» **Input data**:
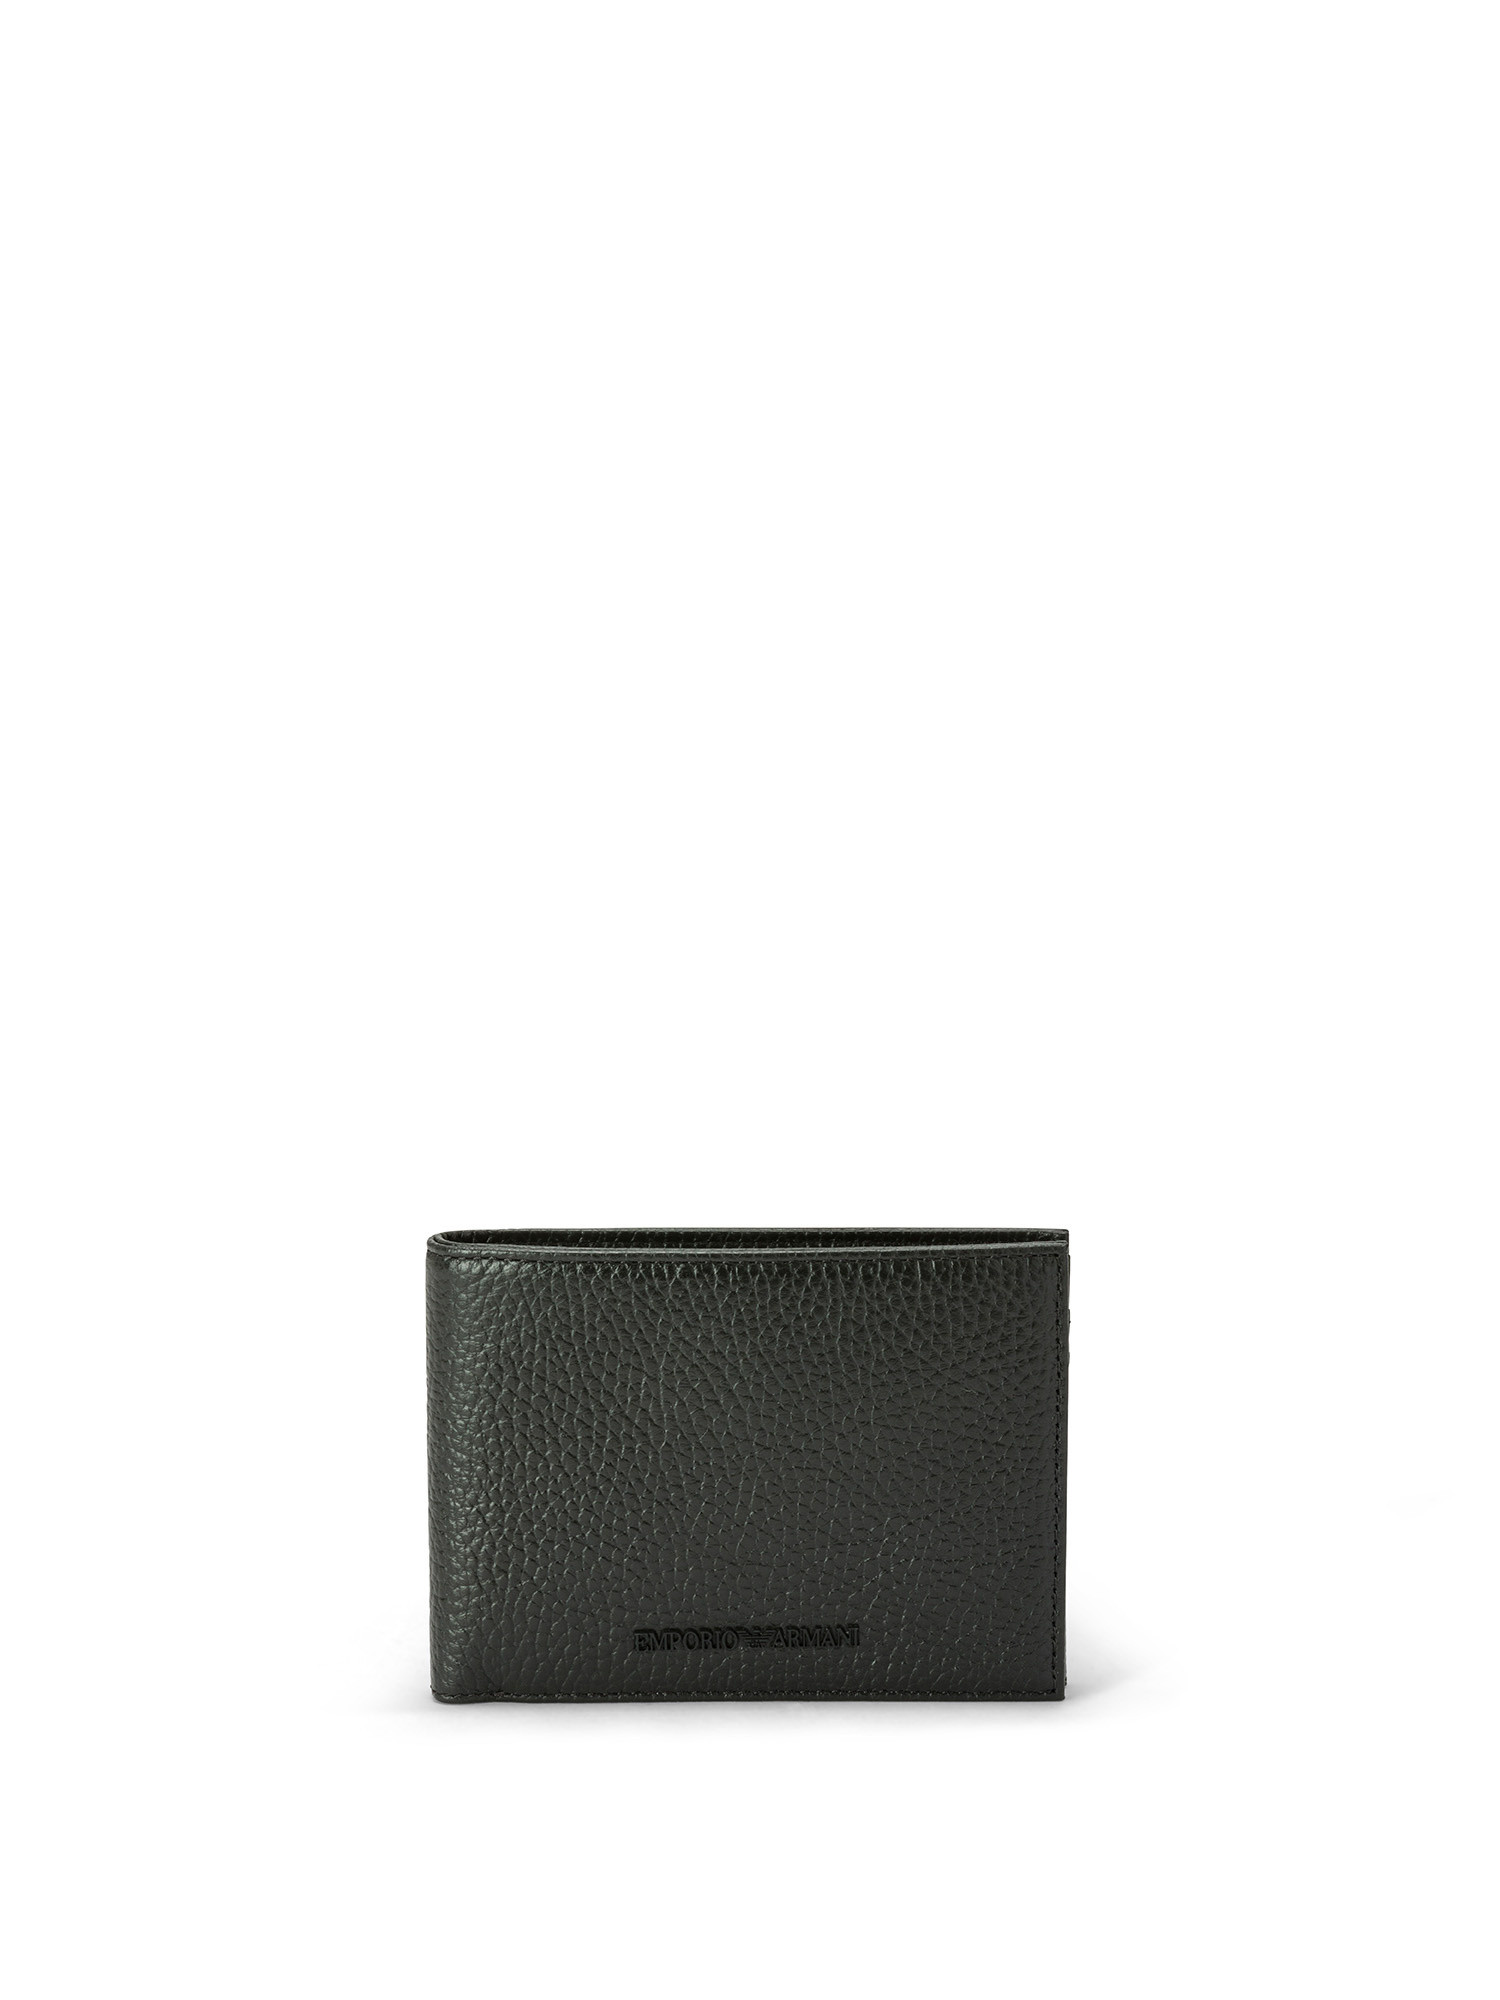 Emporio Armani - Tumbled leather wallet, Black, large image number 0
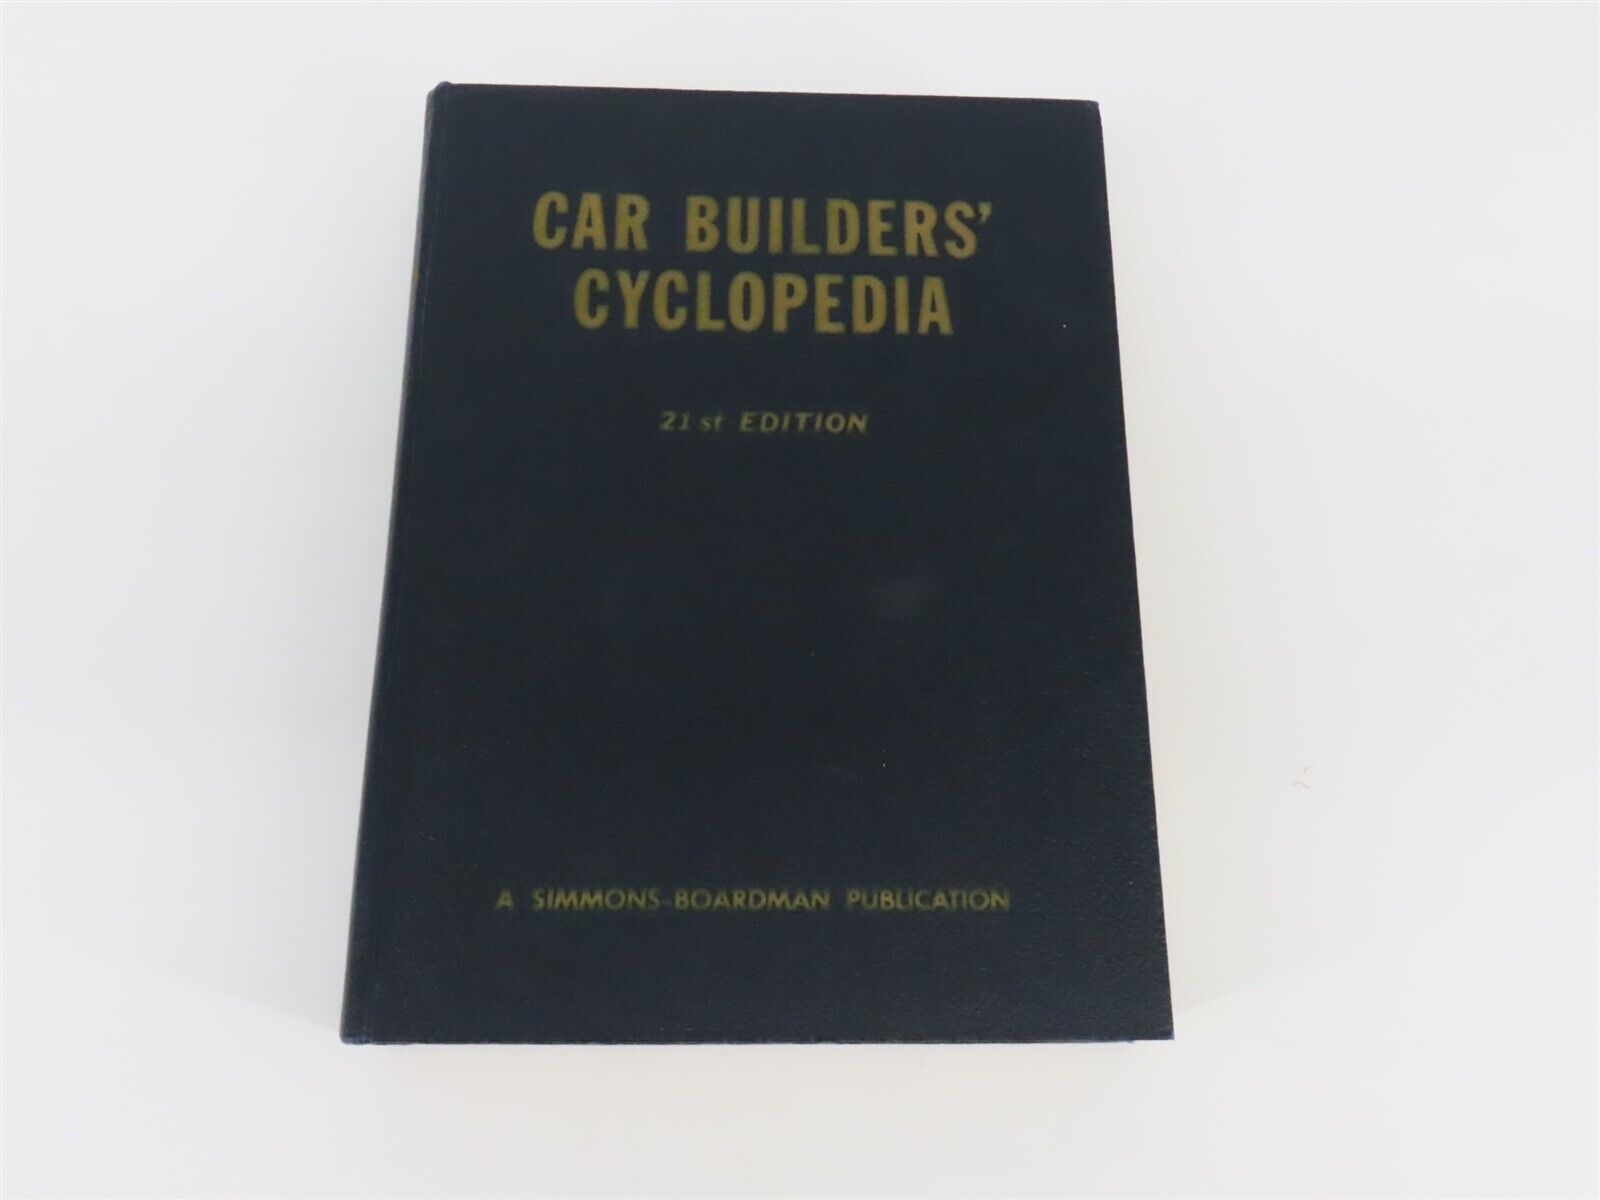 Car Builders\' Cyclopedia 21st Edition - A Simmons-Boardman Publication ©1961 HC 
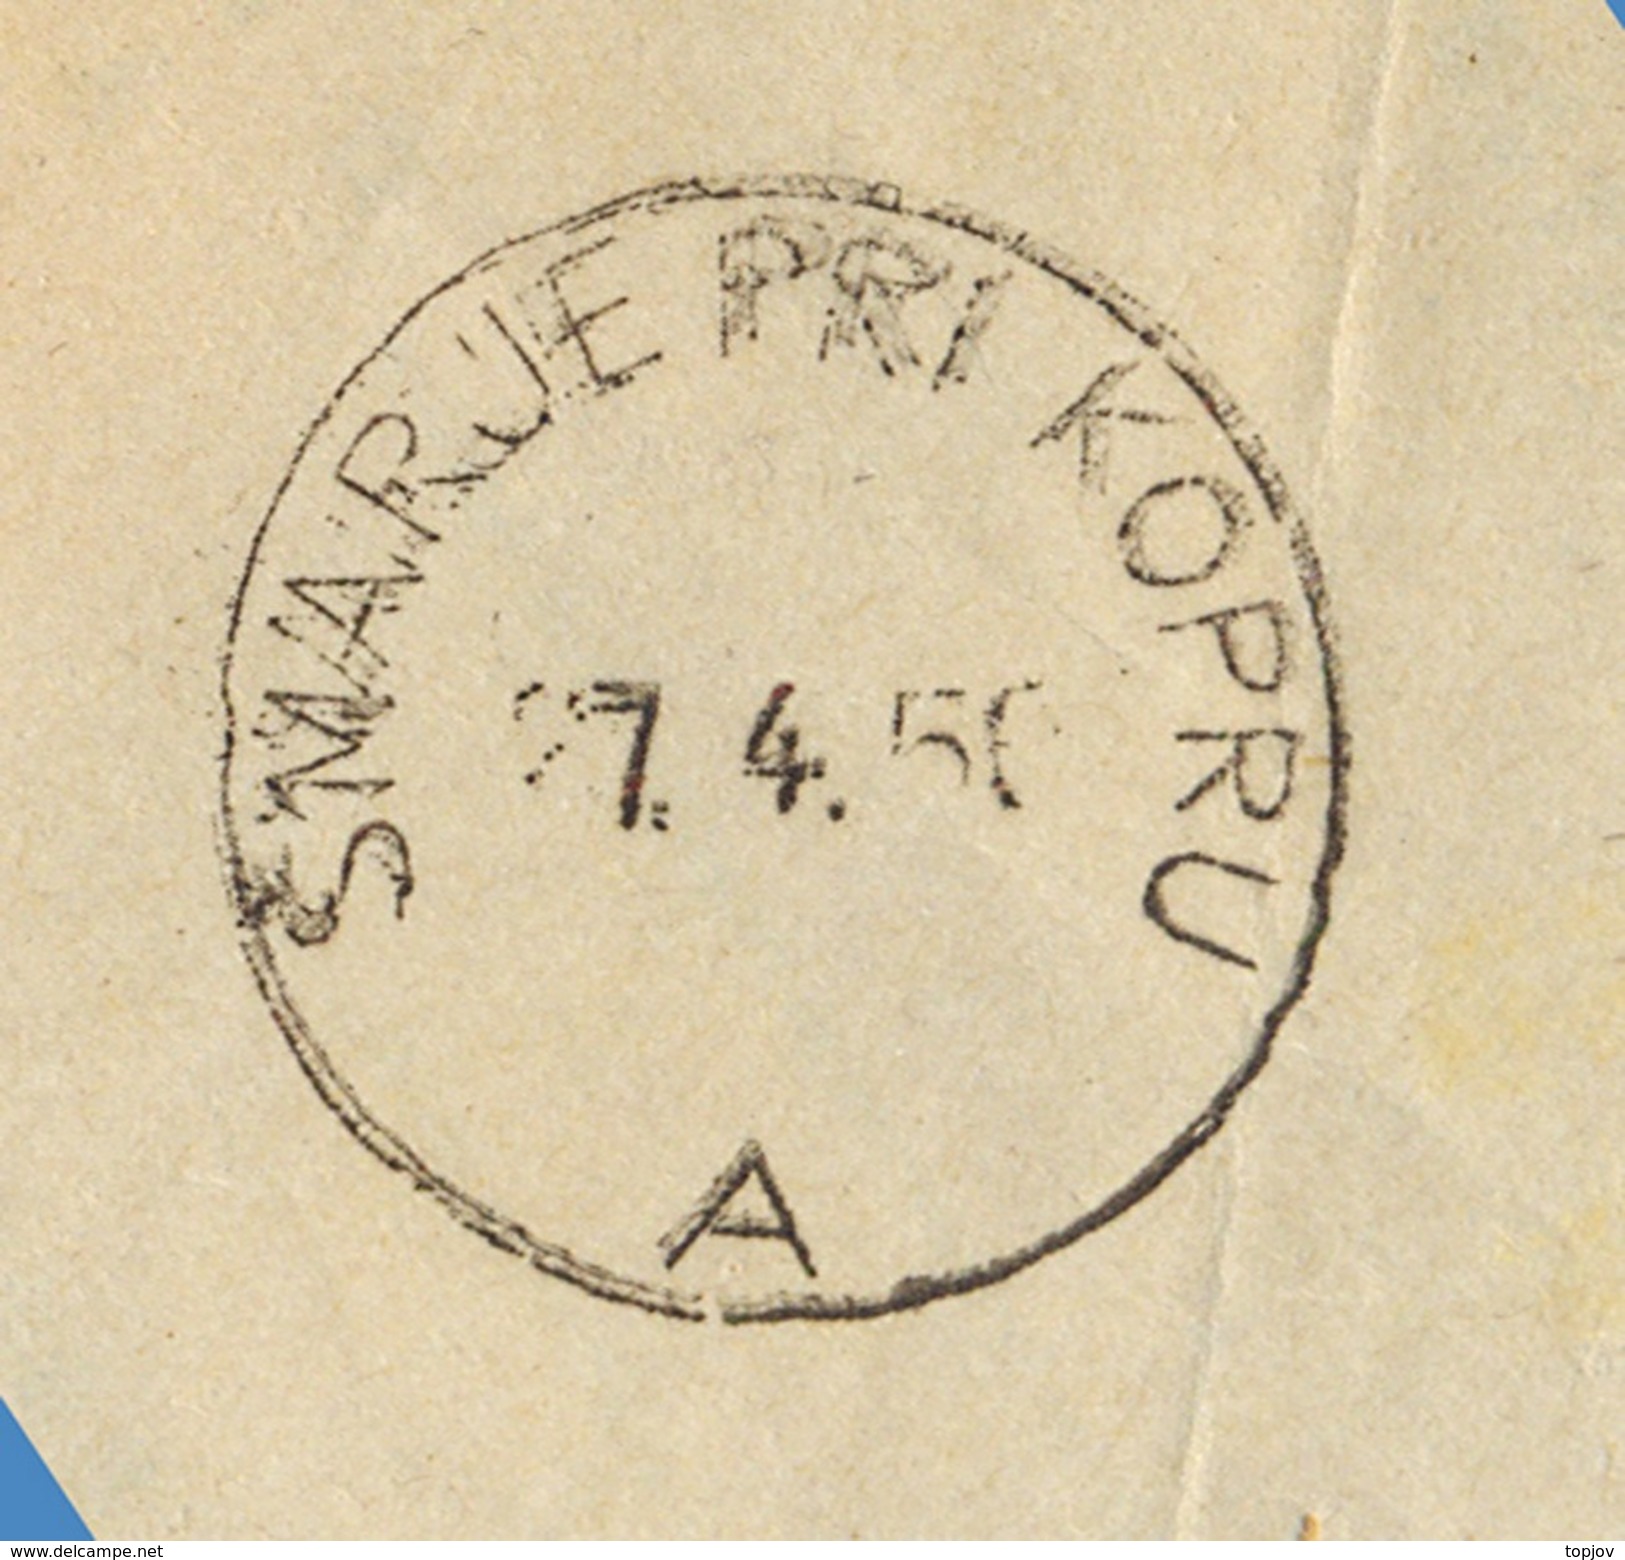 TRIESTE B - SLOVENIA - ISTRIA - BEES Stamp On PRINTED MATTER To SMARJE Pri KOPRU - 1950 - Poststempel
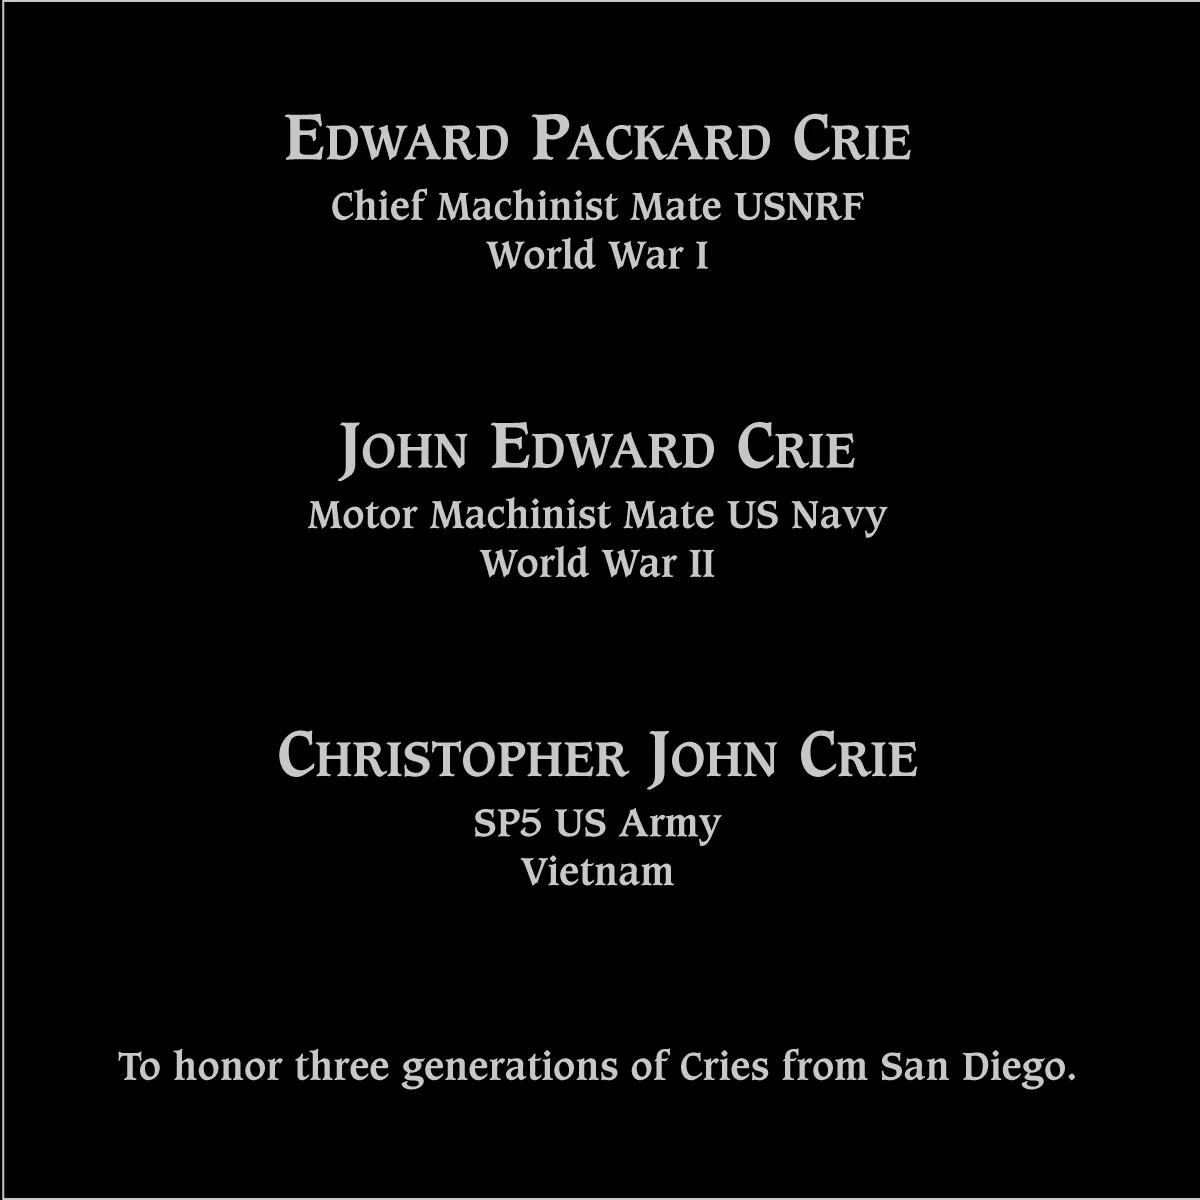 Edward Packard Crie

» **Brief**: All the lines above are to be given again exactly as they read, with the pictures removed.

» **Solution**:
 Emporio Armani - Tumbled leather wallet, Black, large image number 0
 Car Builders\' Cyclopedia 21st Edition - A Simmons-Boardman Publication ©1961 HC 
 TRIESTE B - SLOVENIA - ISTRIA - BEES Stamp On PRINTED MATTER To SMARJE Pri KOPRU - 1950 - Poststempel
 Edward Packard Crie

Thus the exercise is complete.